FIGURE 1.15 : Evolution de la composition chimique des roches magmatiques mafiques (à

gauche) et felsiques (à droite) de la croûte continentale en fonction du temps (Keller & Schoene, 2012).

Un enrichissement plus ou moins progressif de la source des granitoïdes crustaux en éléments très incompatibles, révélé par l’augmentation du rapport K2O/Na2O (ainsi que Rb/Sr et Th/Sc). Ainsi, la modélisation géochimique démontre que la source des TTG archéennes est une tholéiite assez pauvre en K2O (~0.4 pds.%) et au spectre de terres rares pratiquement plat

(LaN/YbN ~3 ; Martin, 1987, 1994), alors que les granitoïdes post-archéens dérivent de la fusion, ou de la cristallisation, de basaltes enrichis en éléments incompatibles. Ceux-ci dérivent d’un manteau métasomatisé par l’adjonction de fluides ou de magmas issus de la plaque plongeante en contexte de subduction (e.g. Wyllie & Sekine, 1982 ; Tatsumi, 1986, 1989 ; Pitcher, 1987 ; McCulloch & Gamble, 1991 ; Condie, 1997 ; Schmidt & Poli, 1998 ; Barbarin, 1999 ; Kemp & Hawkesworth, 2003). Par conséquent, les granitoïdes protérozoïques et phanérozoïques sont plus riches en éléments incompatibles que les TTG non seulement parce que le matériel mafique dont ils sont les produits de différenciation dérive de taux de fusion plus faibles du manteau, mais aussi parce que ce manteau est lui-même enrichi en éléments incompatibles par rapport à l’Archéen.

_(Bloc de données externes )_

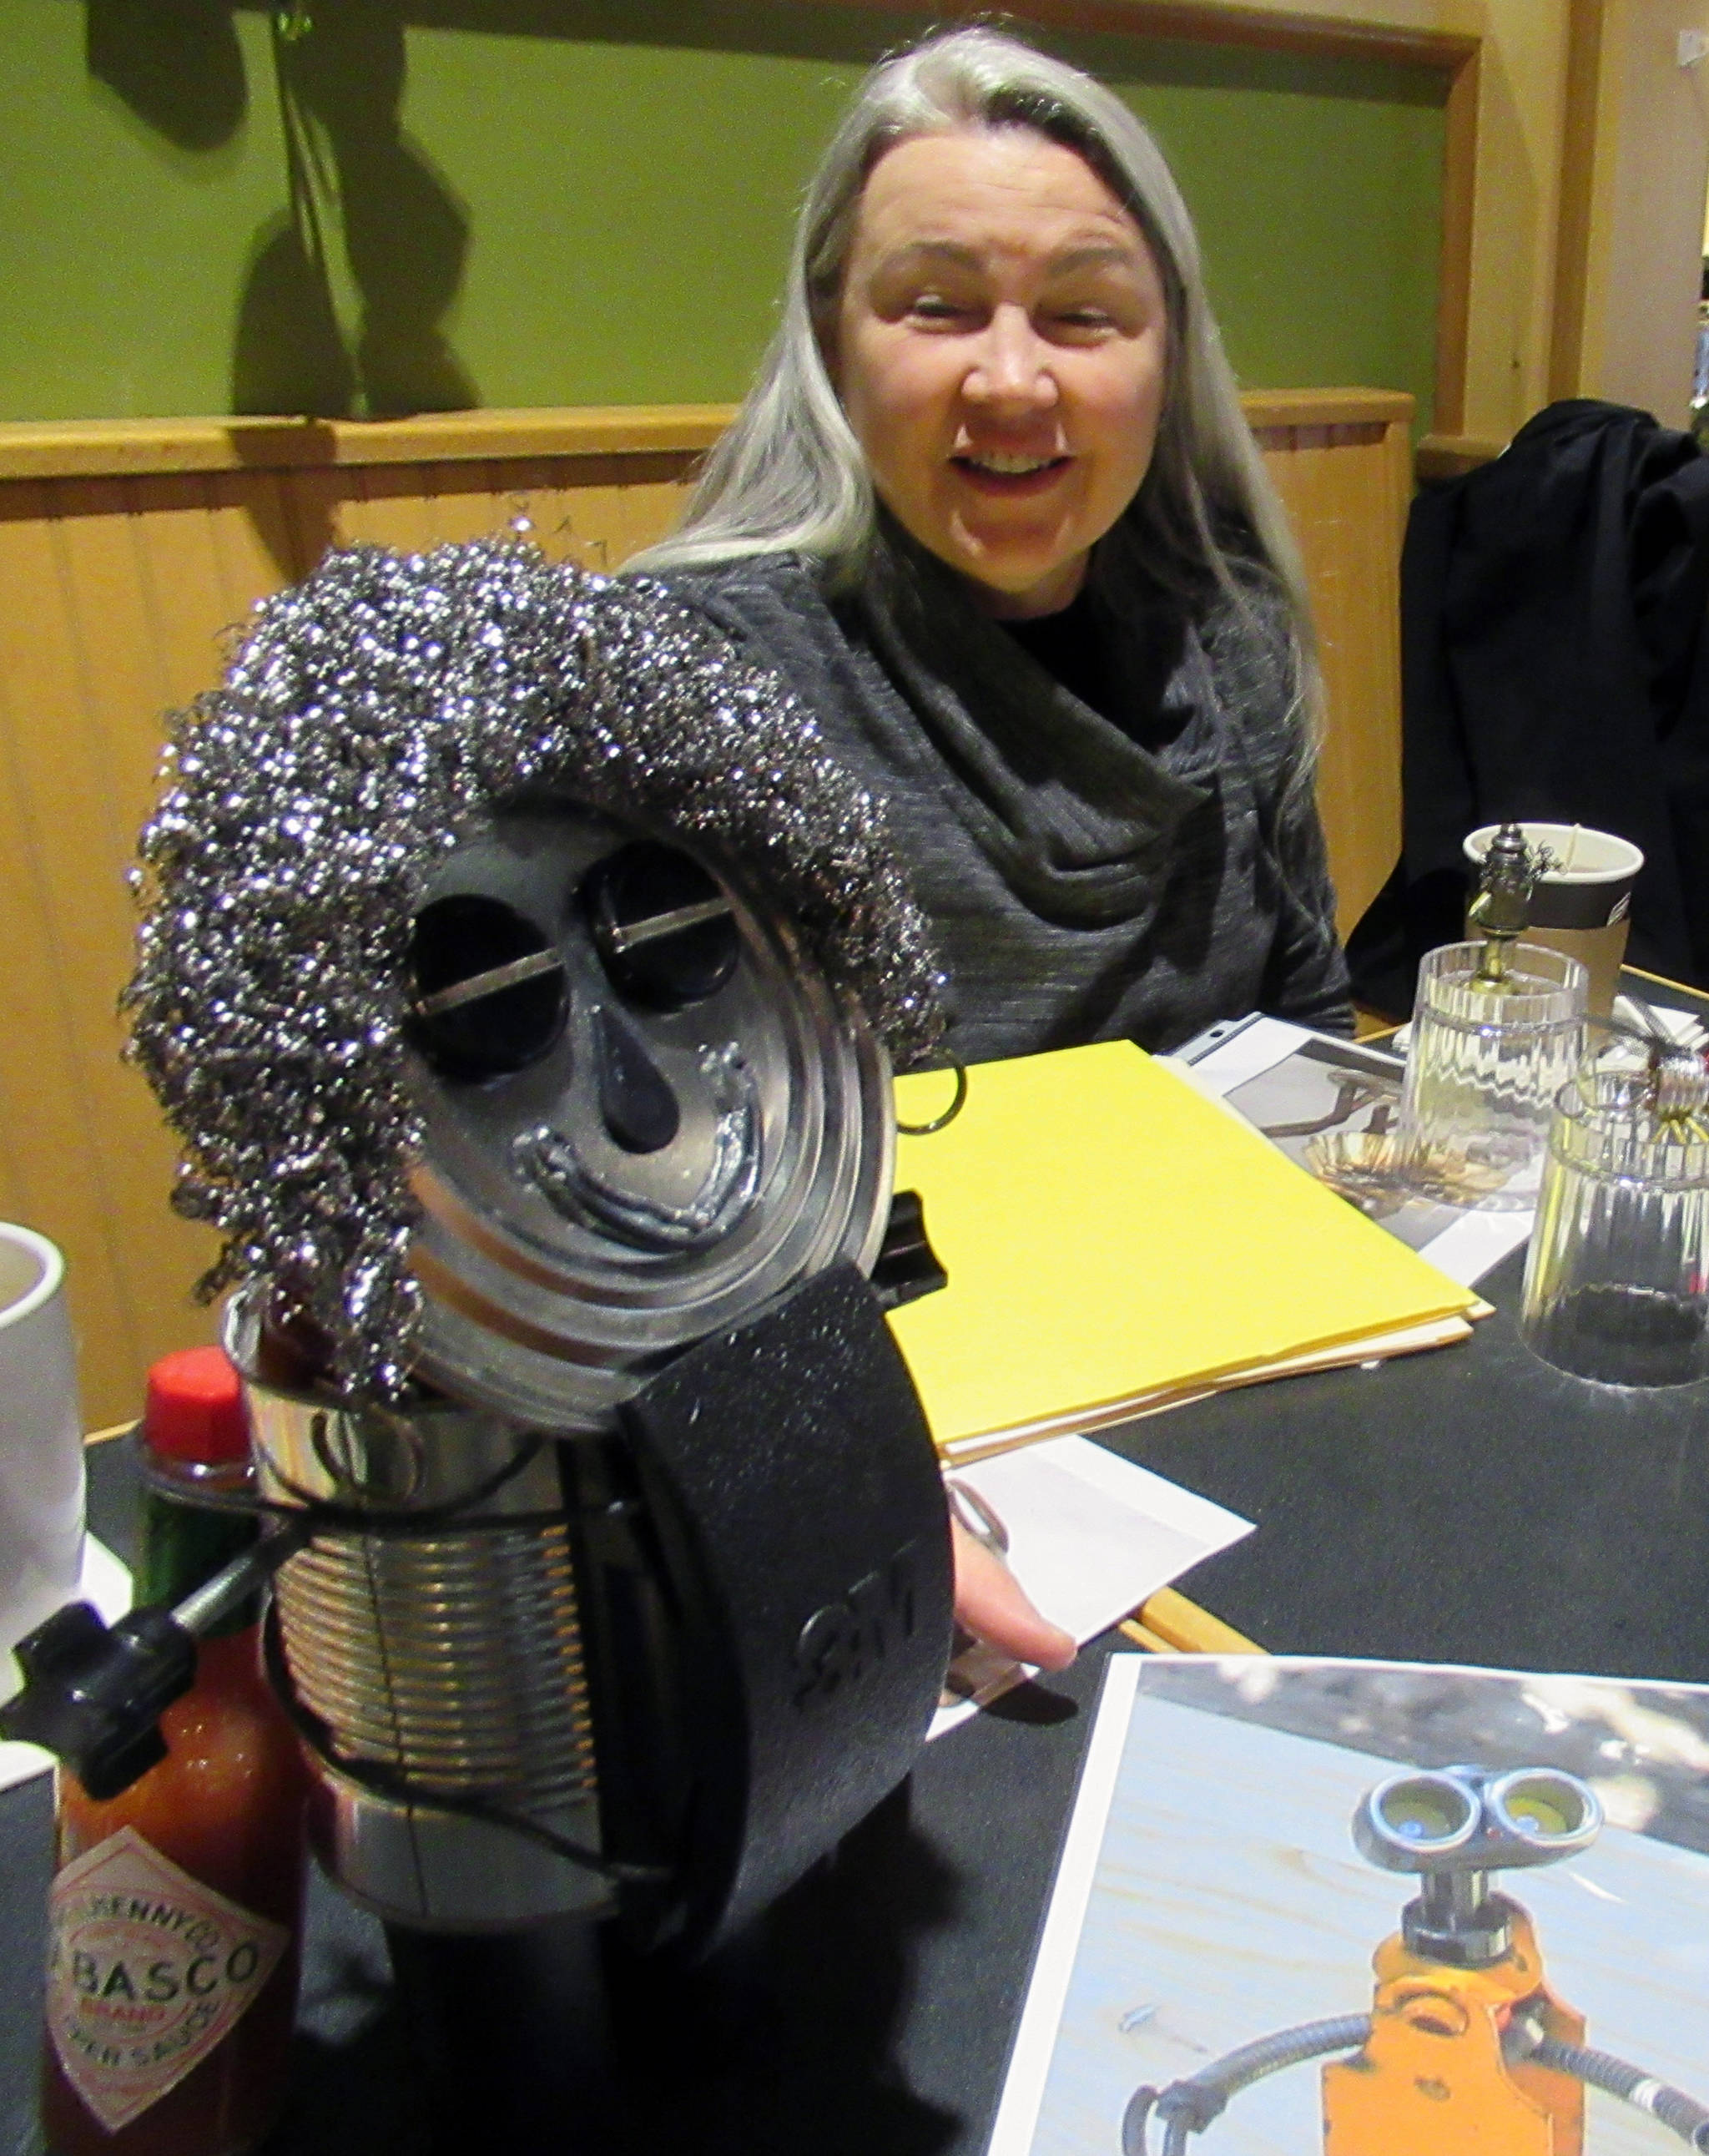 Rotarian Diane Kyser smile said she was able to create her smiley, curly-haired statue in a single morning although a load-bearing bottle of Tabasco sauce was required to keep it standing, Tuesday, March 12, 2019. (Ben Hohenstatt | Juneau Empire)

Bien que le signal géochimique montre une évolution assez brutale de la composition de la croûte autour de 2500 Ma, la transition entre les deux régimes de production crustale (archéen et post-archéen) est marquée par la mise en place, entre 2500 et 3000 Ma (donc, tout au long de la transition Archéen-Protérozoïque), de granitoïdes particuliers reflétant cette évolution. Il s’agit des « sanukitoïdes », au sens (très) large du terme, dont la composition chimique est intermédiaire entre les TTG (spectres de REE fractionnés, peu ou pas d’anomalie négative en Eu) et certains produits mis en place après 2500 Ma (enrichissement en éléments incompatibles par rapport aux TTG, avec notamment un rapport K2O/Na2O plus élevé, affinité calco-alcaline) (Shirey & Hanson, 1984 ; Smithies & Champion, 2000 ; Martin et al., 2005, 2009). Ces sanukitoïdes sont contemporains de la mise en place d’une variété d’autres granitoïdes potassiques, et l’ensemble de ce magmatisme contraste assez nettement avec la mise en place des TTG tout au long de l’Archéen. En effet, par rapport à ceux-ci, les granitoïdes tardi-archéens sont beaucoup plus diversifiés en termes de sources et de processus pétrogénétiques et, en ce sens, ressemblent davantage à leurs homologues post-archéens (granites de « type I, A et S », pour reprendre la classification très simplifiée de Chappell & White, 1974, 1992). Ces objets font en grande partie l’objet de la présente thèse, en conséquence, leur typologie, leur origine et leur signification globale pour les changements géodynamiques de la transition Archéen-Protérozoïque seront traités plus en détail dans les chapitres suivants.